While adopting cloud computing, one of the key asks especially within regulated industries (e.g. Finance, Healthcare, Government, Telco etc.) is the ability to have full control over the data. In my experience with Financial Services teams, full control over data usually translates to
- Controlling the location of data processing and data storage systems
- Controlling the keys to encrypt data pipeline
Having full control on location and encryption is a relatively well established mode of operation for storage systems both on and off premise. However managing location and encryption for streaming analytics requires a little more consideration because it involves multiple components in the processing AND in a streaming analytics you need to protect data at rest as well as during processing.
This blog post is my attempt to demonstrate how a streaming analytics pipeline on Google Cloud using PubSub, Apache Beam (on Dataflow runner), Cloud Storage and BigQuery can be executed in a single region and protected end to end using Customer Managed Encryption key (CMEK). The pipeline is fairly simple as shown below.
To execute this pipeline, I need to set up encryption key ring and keys as well as the source, sinks and other components.
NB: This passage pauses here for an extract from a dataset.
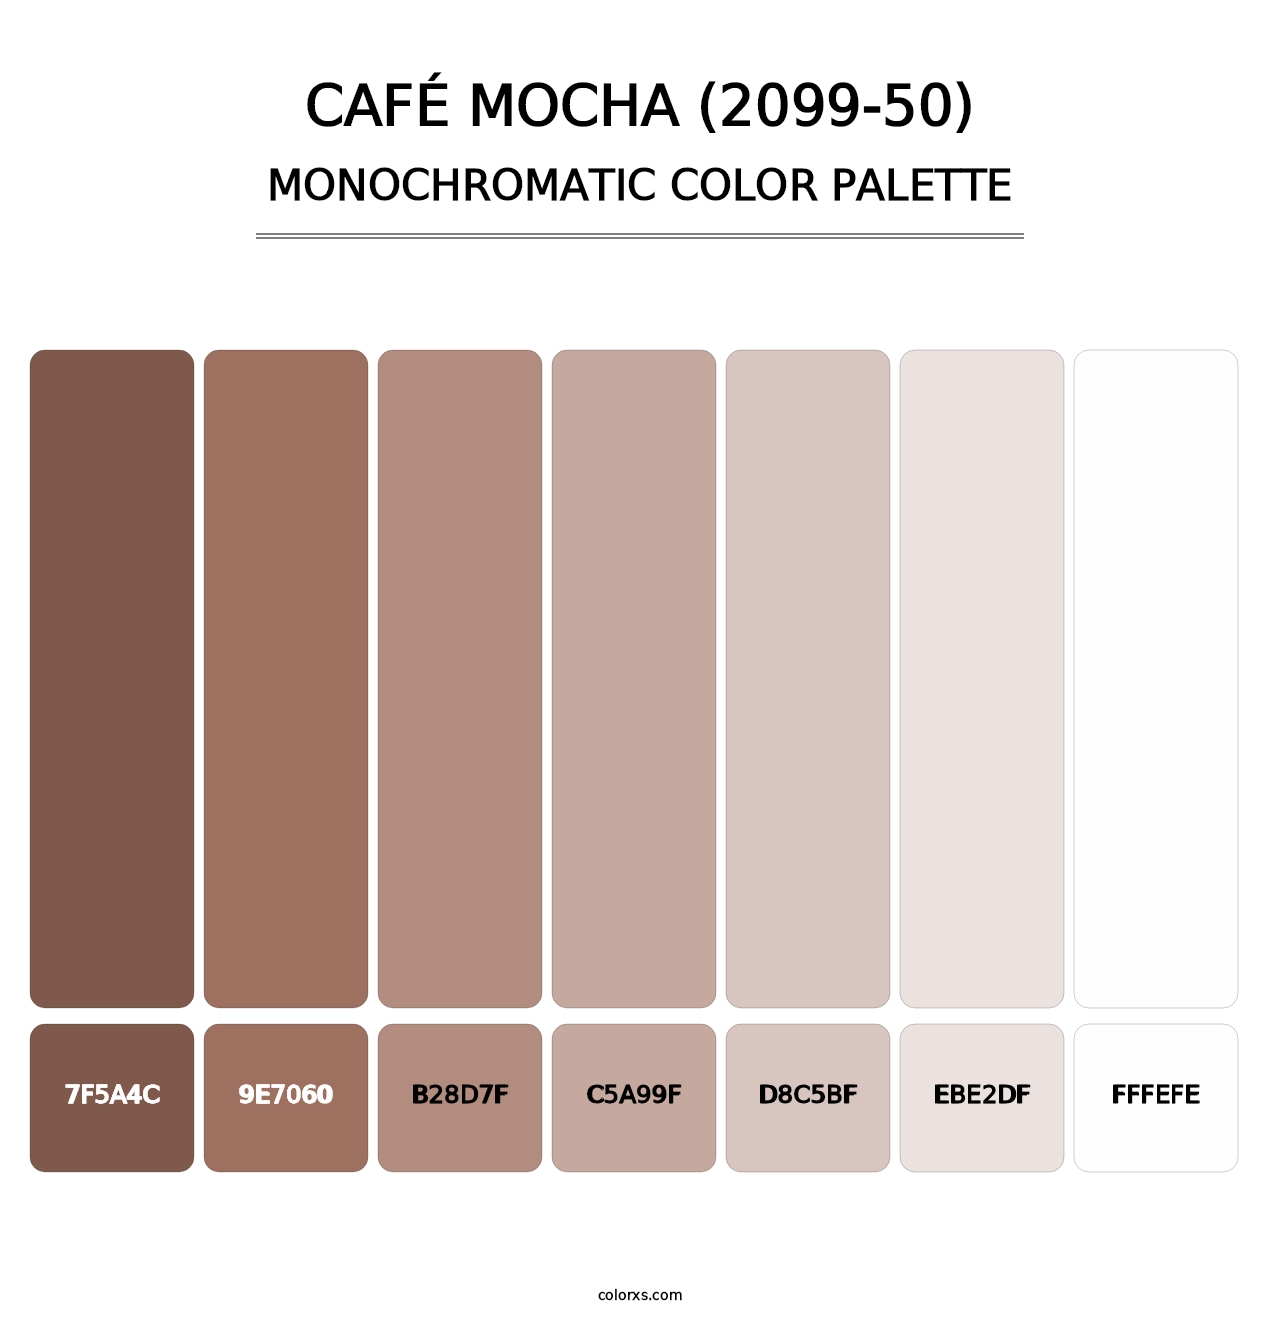 Café Mocha (2099-50) - Monochromatic Color Palette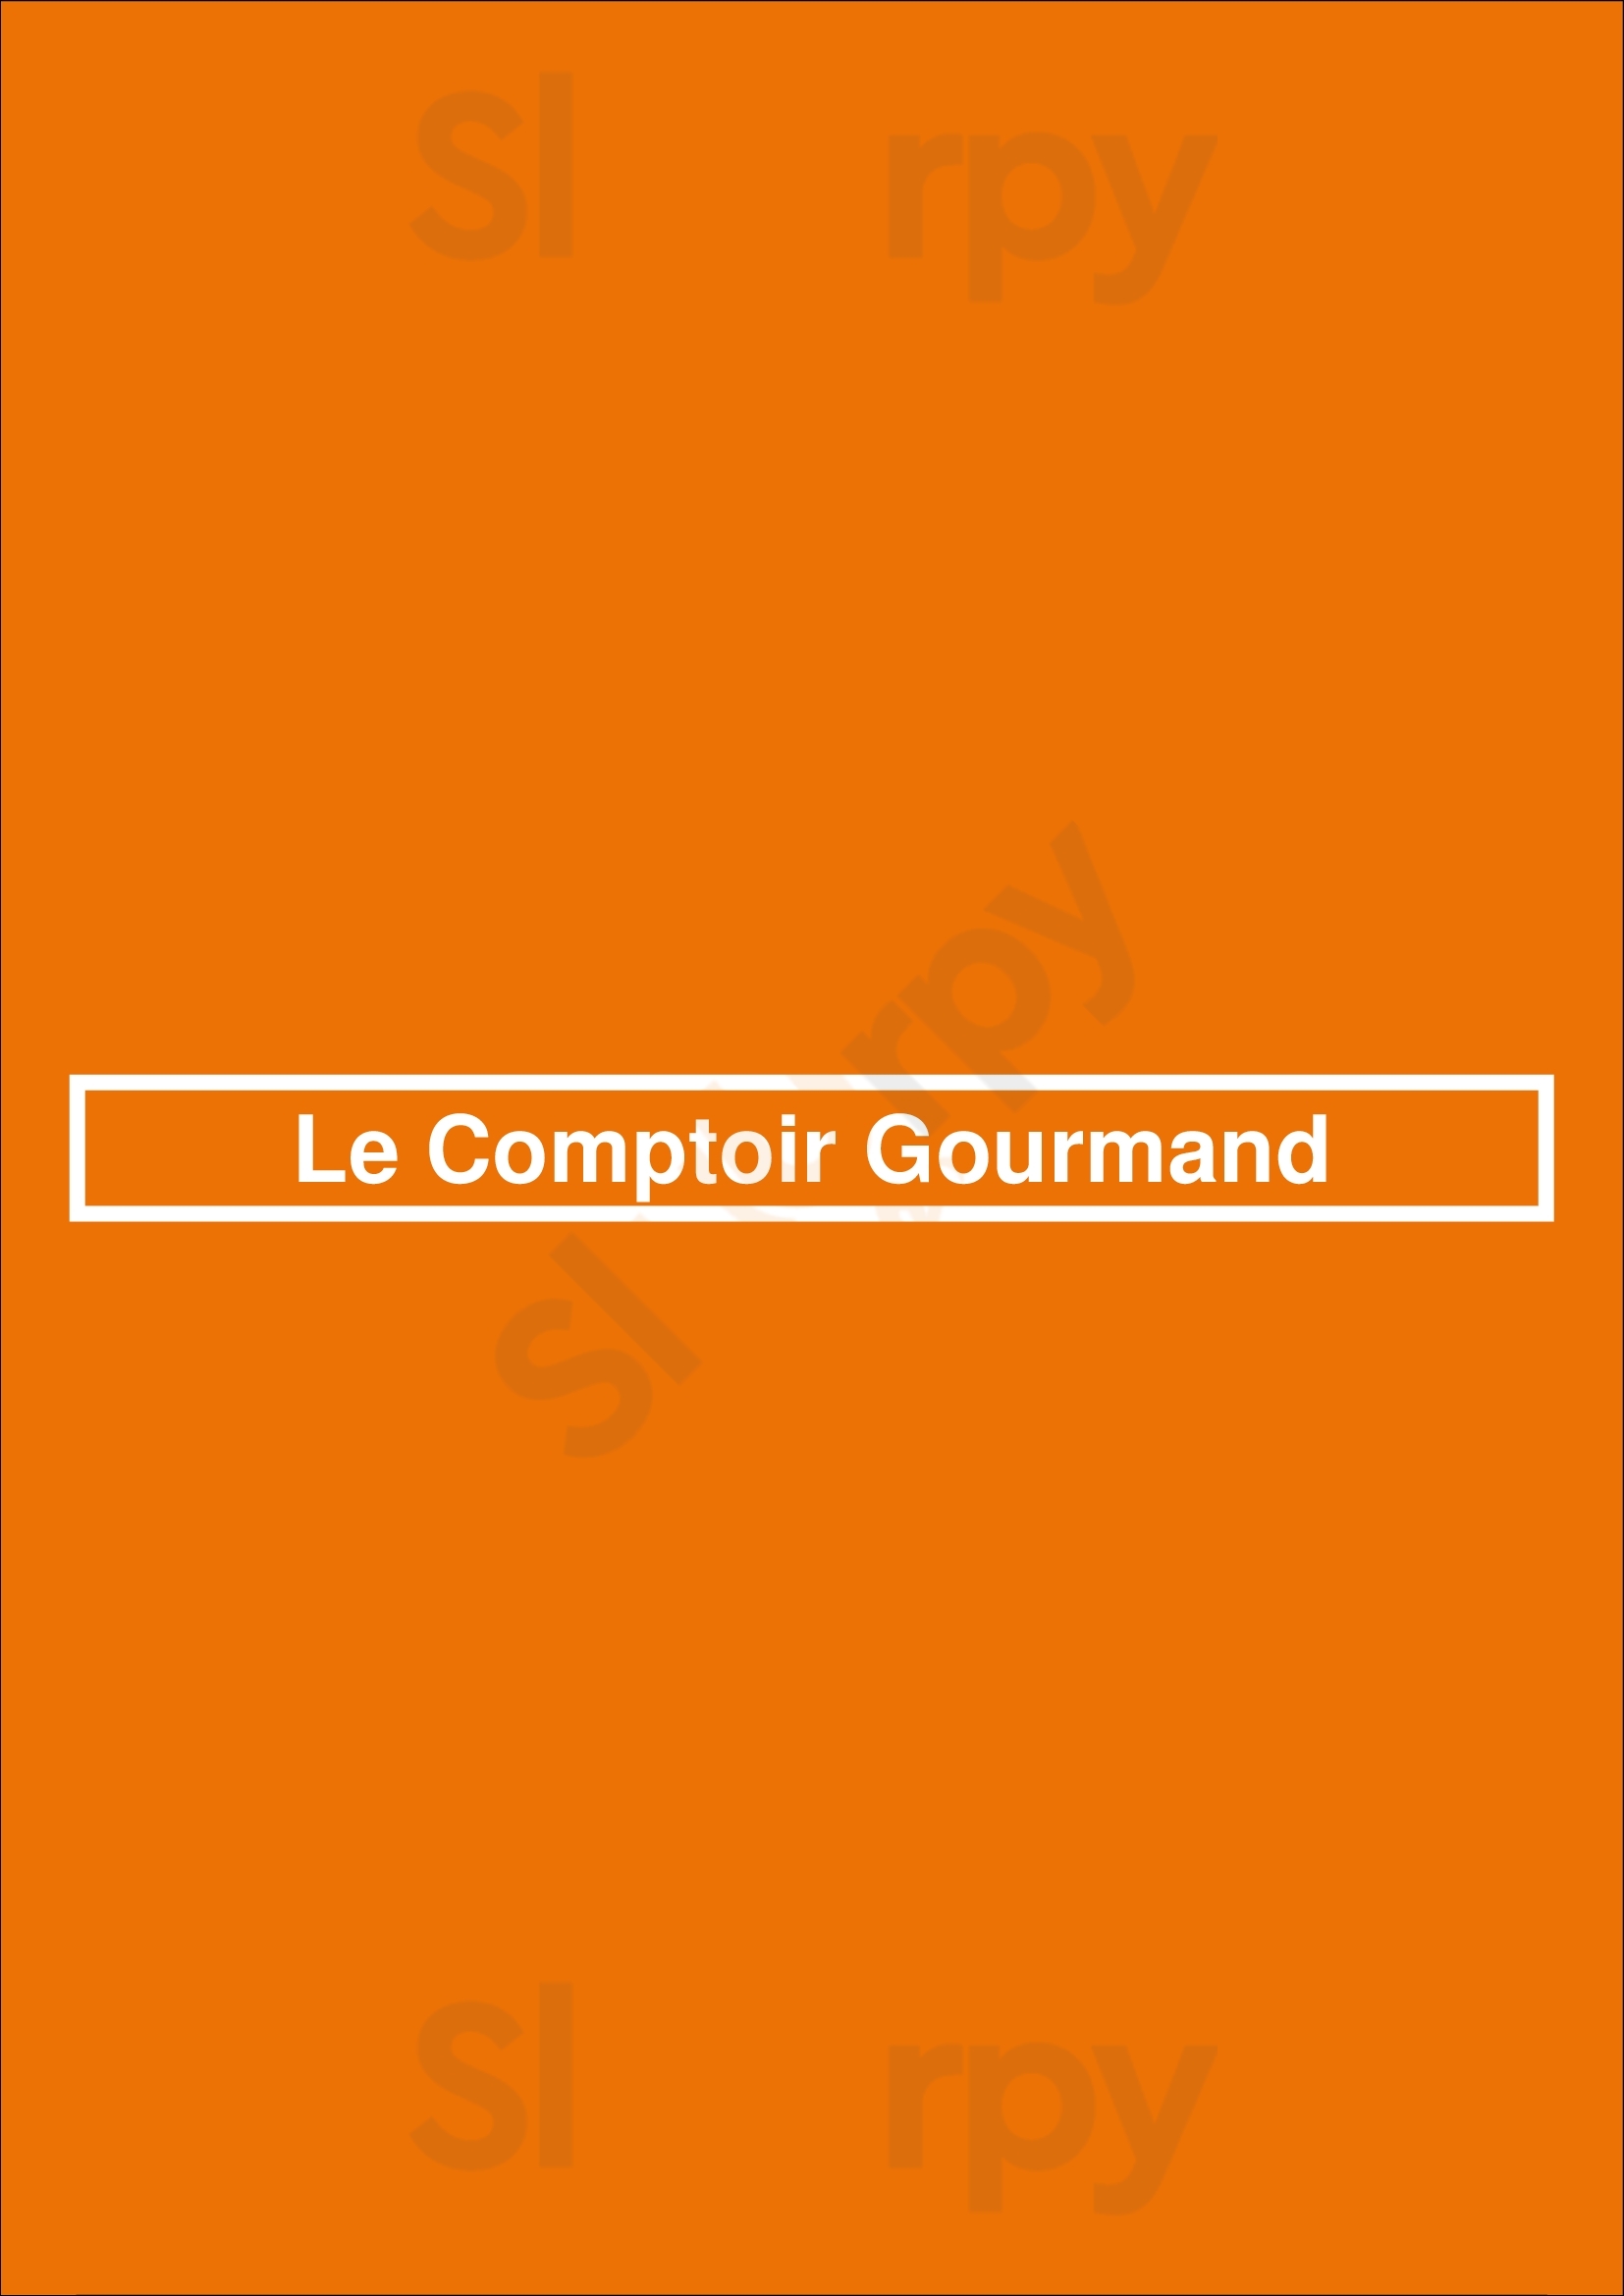 Le Comptoir Gourmand Marche-en-Famenne Menu - 1

Set Project Level metadata
PROJECT_ID=XXXXXXXXXXXXXX PROJECT_NUMBER=nnnnnnnnnnn REGION=europe-west2 TOPIC_NAME=str-pl-pubsub-topic DATASET_NAME=da_streaming_pipeline TABLE_NAME_1=cc_account_info STAGING_LOCATION=gs://da_streaming_pipeline/stage TEMP_LOCATION=gs://da_streaming_pipeline/temp export PROJECT_ID PROJECT_NUMBER REGION TOPIC_NAME DATASET_NAME TABLE_NAME_1 STAGING_LOCATION TEMP_LOCATION
Setup Encryption Keys
Here I will create two sets of encryption keys. One regional key for PubSub topic and BigQuery dataset and a Global key for Dataflow. Global key is required because Dataflow does not have an endpoint in europe-west2 (London). In order to process data using worker nodes in europe-west2 (London), the configuration is to use dataflow endpoint in europe-west1 (Belgium) and the zone for worker nodes in europe-west2 (London). The Global key is not required in scenarios where Dataflow worker nodes are in the same region as its regional end point.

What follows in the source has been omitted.